#### WORK ITEM:
Leave out any pictures and transcribe all other data below exactly.
*** Opening DATA SHOWN ***
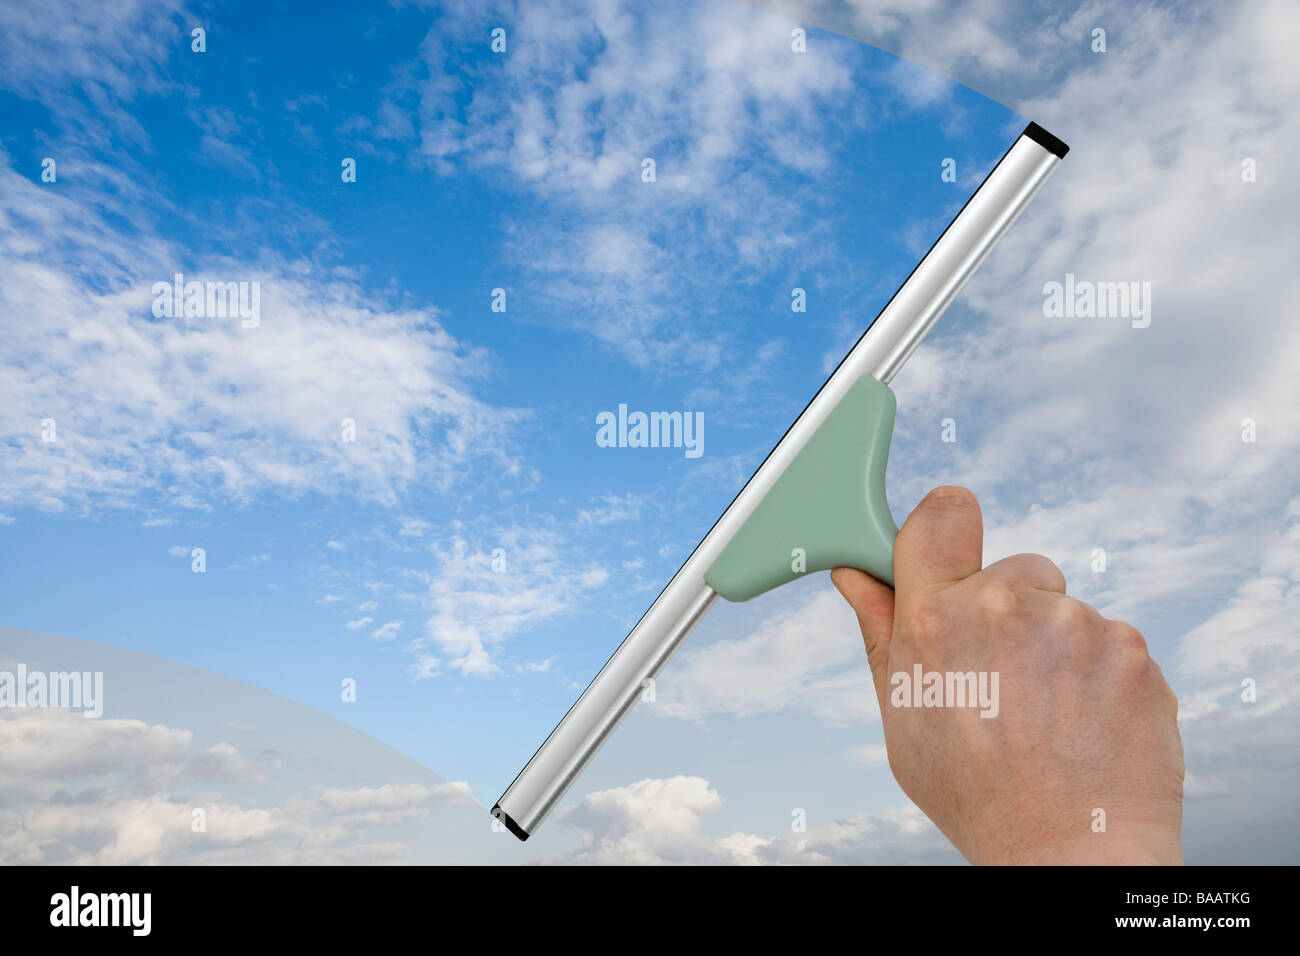 hand cleaning a window with a squeegee, turning dull sky into blue Stock Photo
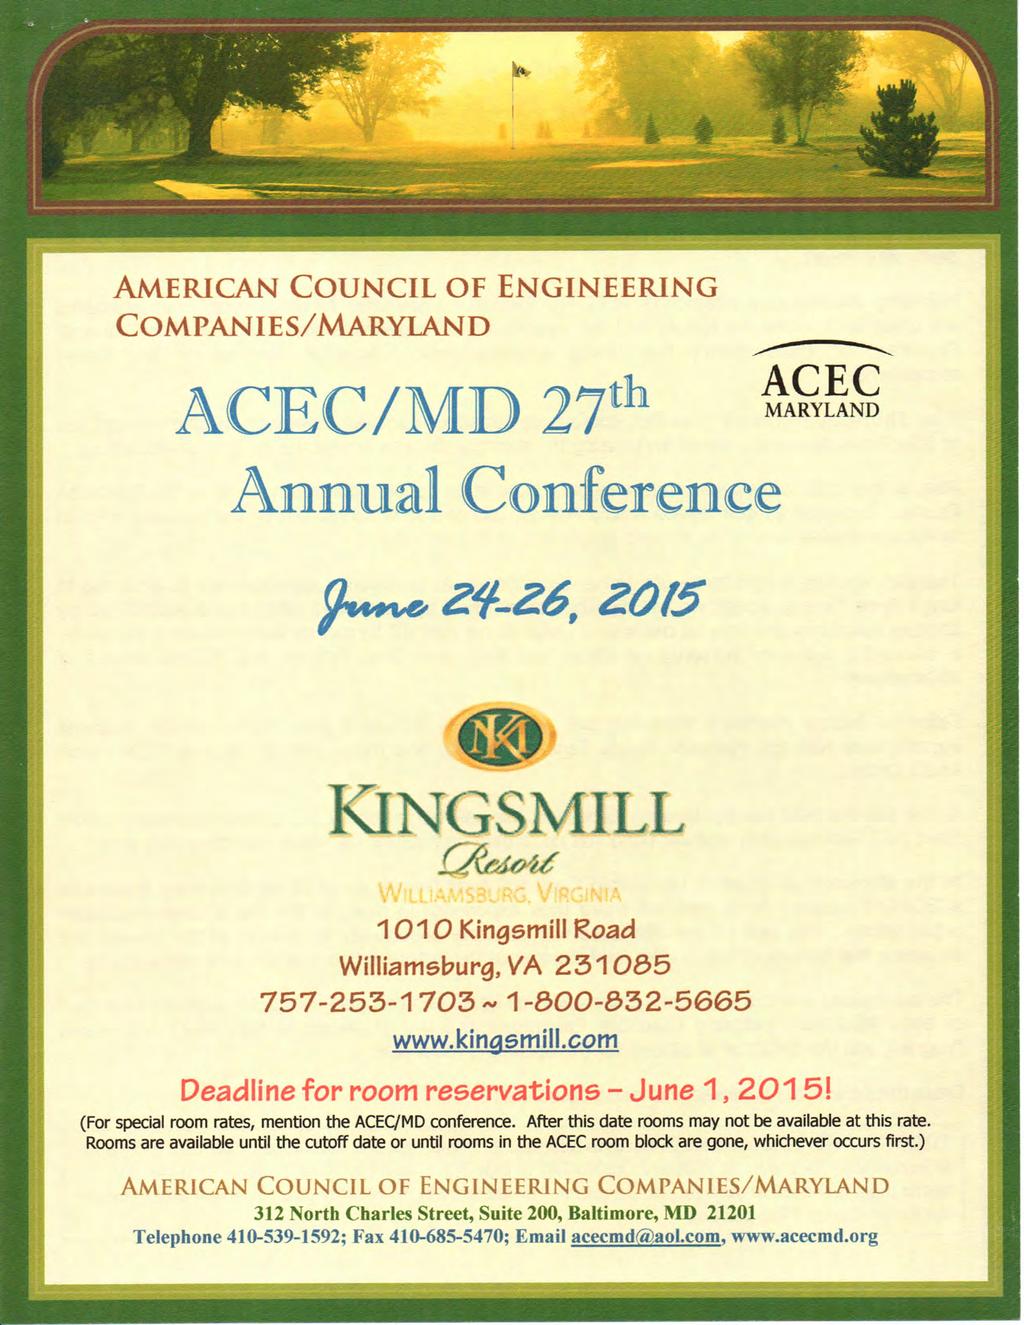 AMERICAN COUNCIL OF ENGINEERING COMPANIES/A4ARYIAND ACEC/MD 27 ACEC MARYLAND Annual Conference KINGSMILL \ f < - V -A loiokingsmillroad Williamsburg, VA 231065 757-253-1703-1 -600-632-5665 www.
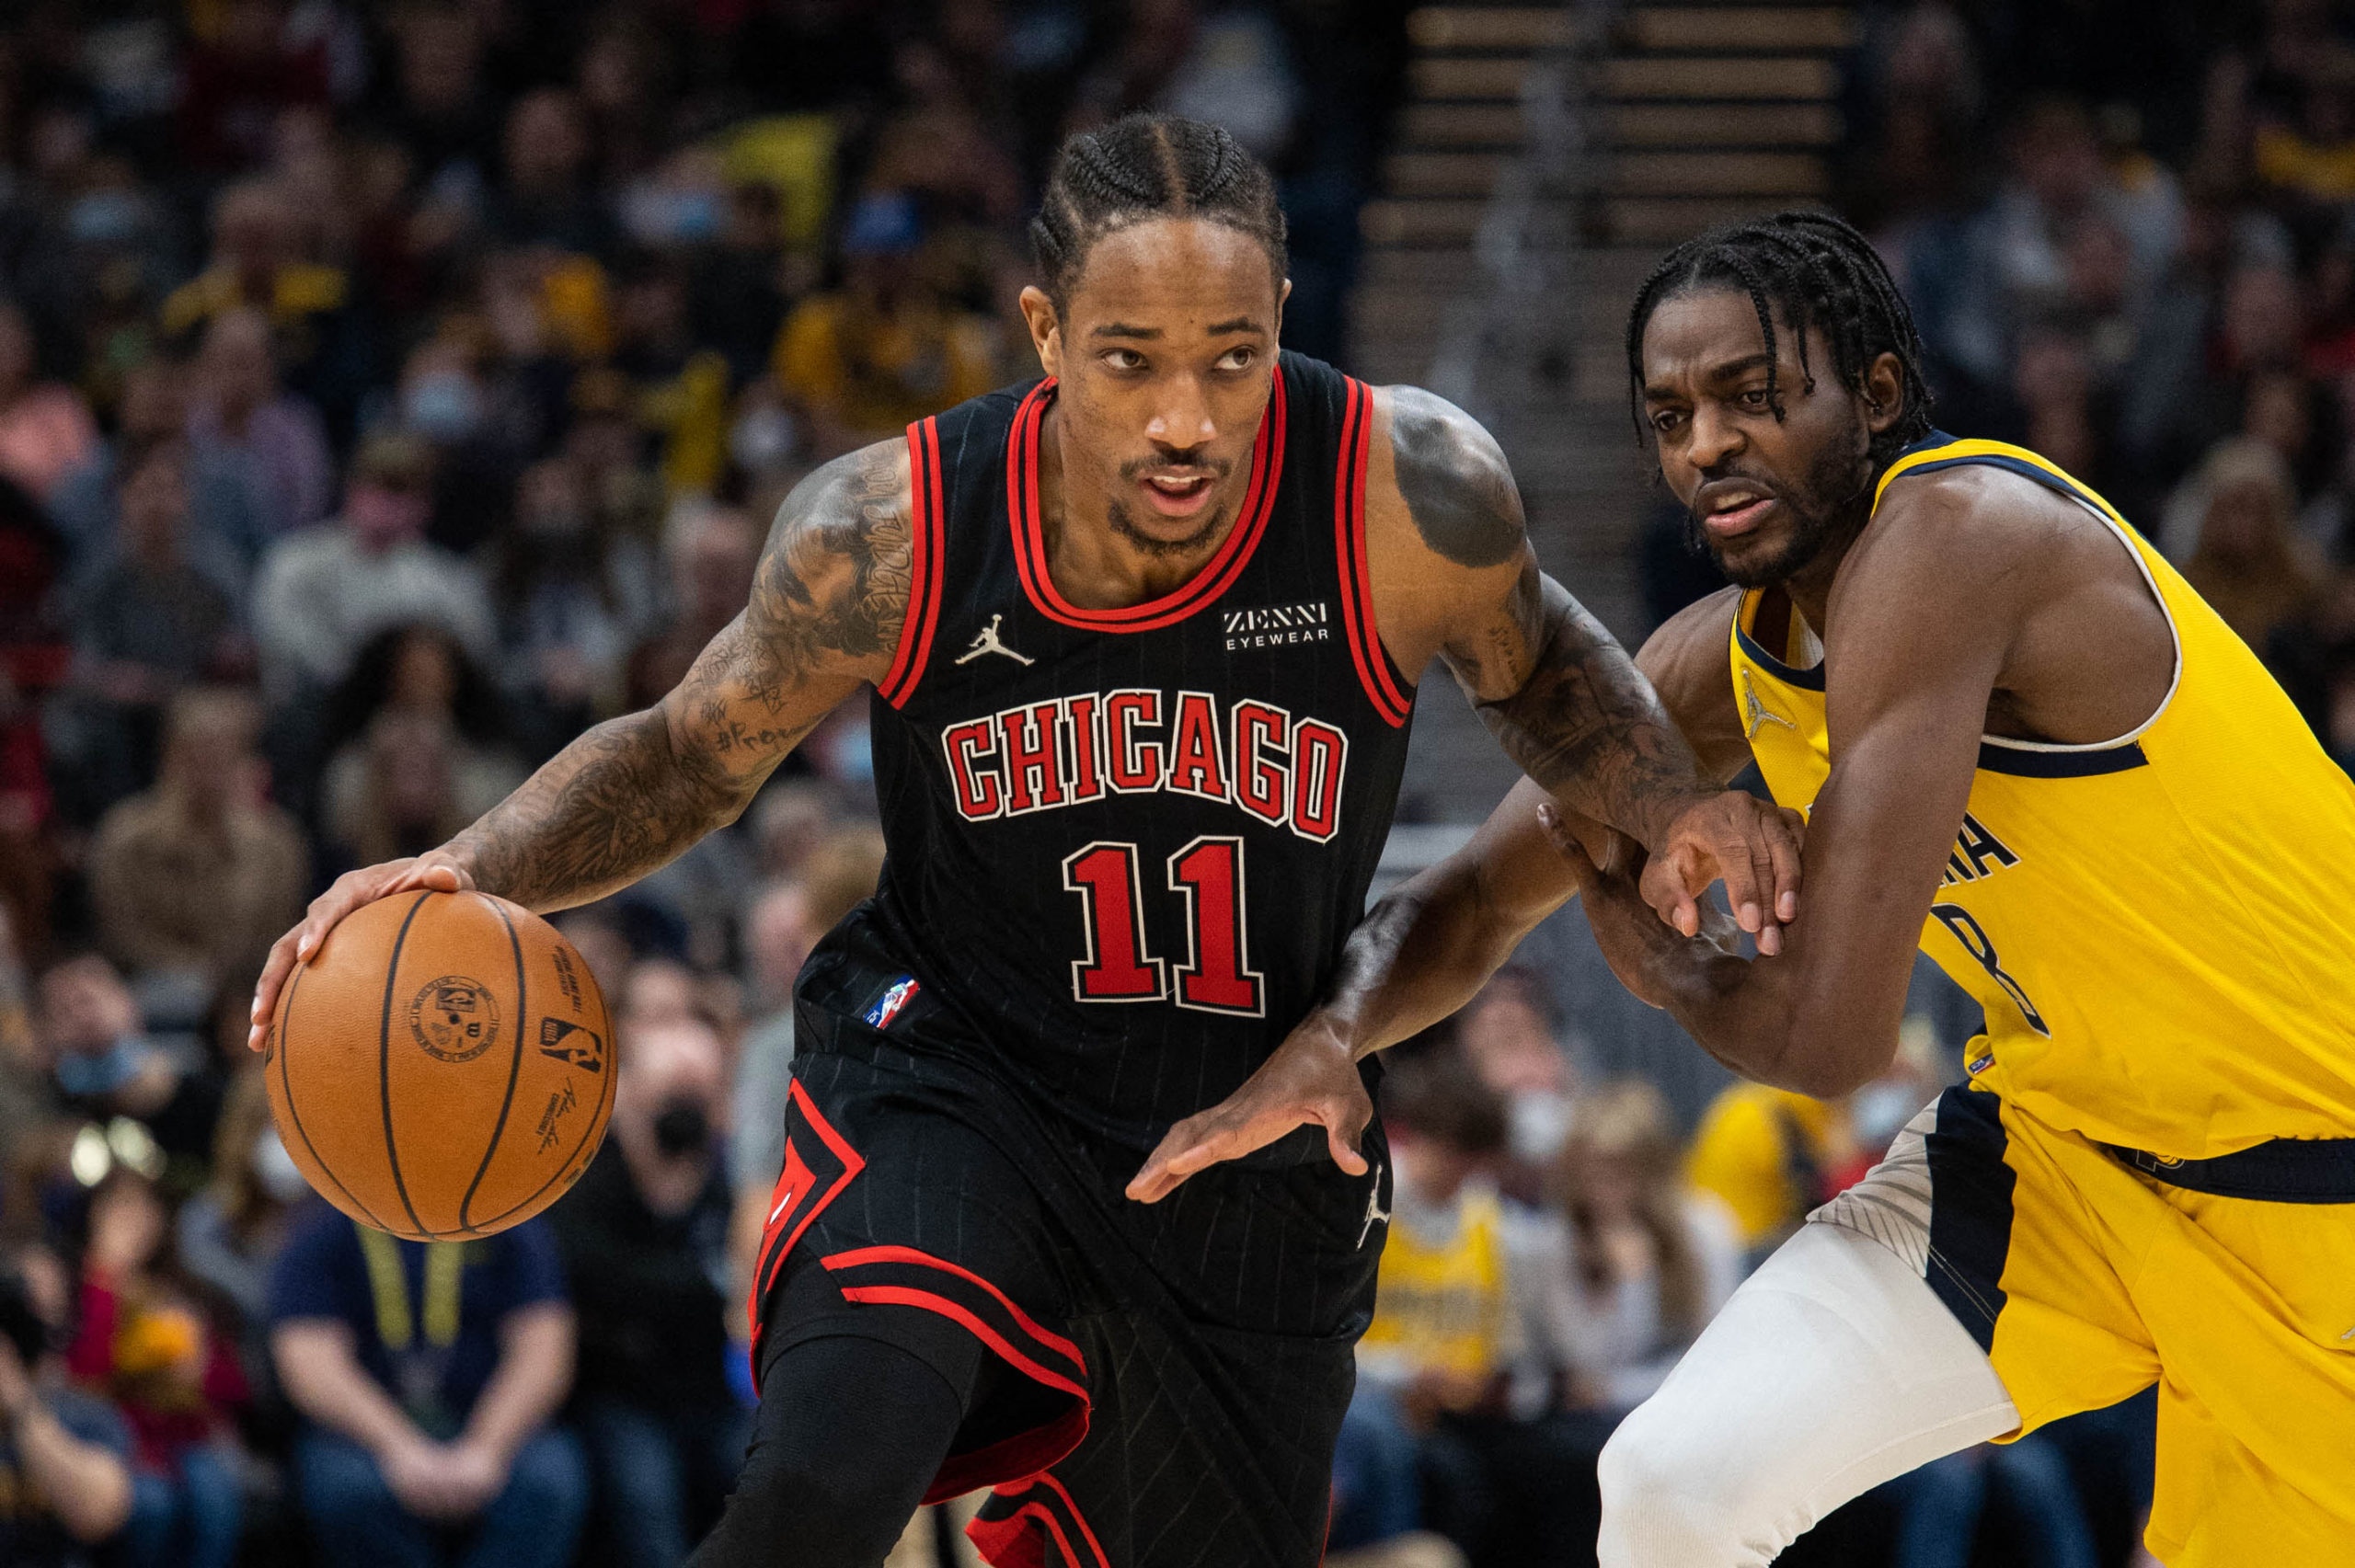 Chicago Bulls forward DeMar DeRozan (11) dribbles the ball while Indiana Pacers forward Justin Holiday (8) defends in the second half at Gainbridge Fieldhouse.
*** Closing DATA SHOWN ***
#### EXPECTED OUTPUT:
 hand cleaning a window with a squeegee, turning dull sky into blue Stock Photo
 AMERICAN COUNCIL OF ENGINEERING COMPANIES/A4ARYIAND ACEC/MD 27 ACEC MARYLAND Annual Conference KINGSMILL \ f < - V -A loiokingsmillroad Williamsburg, VA 231065 757-253-1703-1 -600-632-5665 www.
 Chicago Bulls forward DeMar DeRozan (11) dribbles the ball while Indiana Pacers forward Justin Holiday (8) defends in the second half at Gainbridge Fieldhouse.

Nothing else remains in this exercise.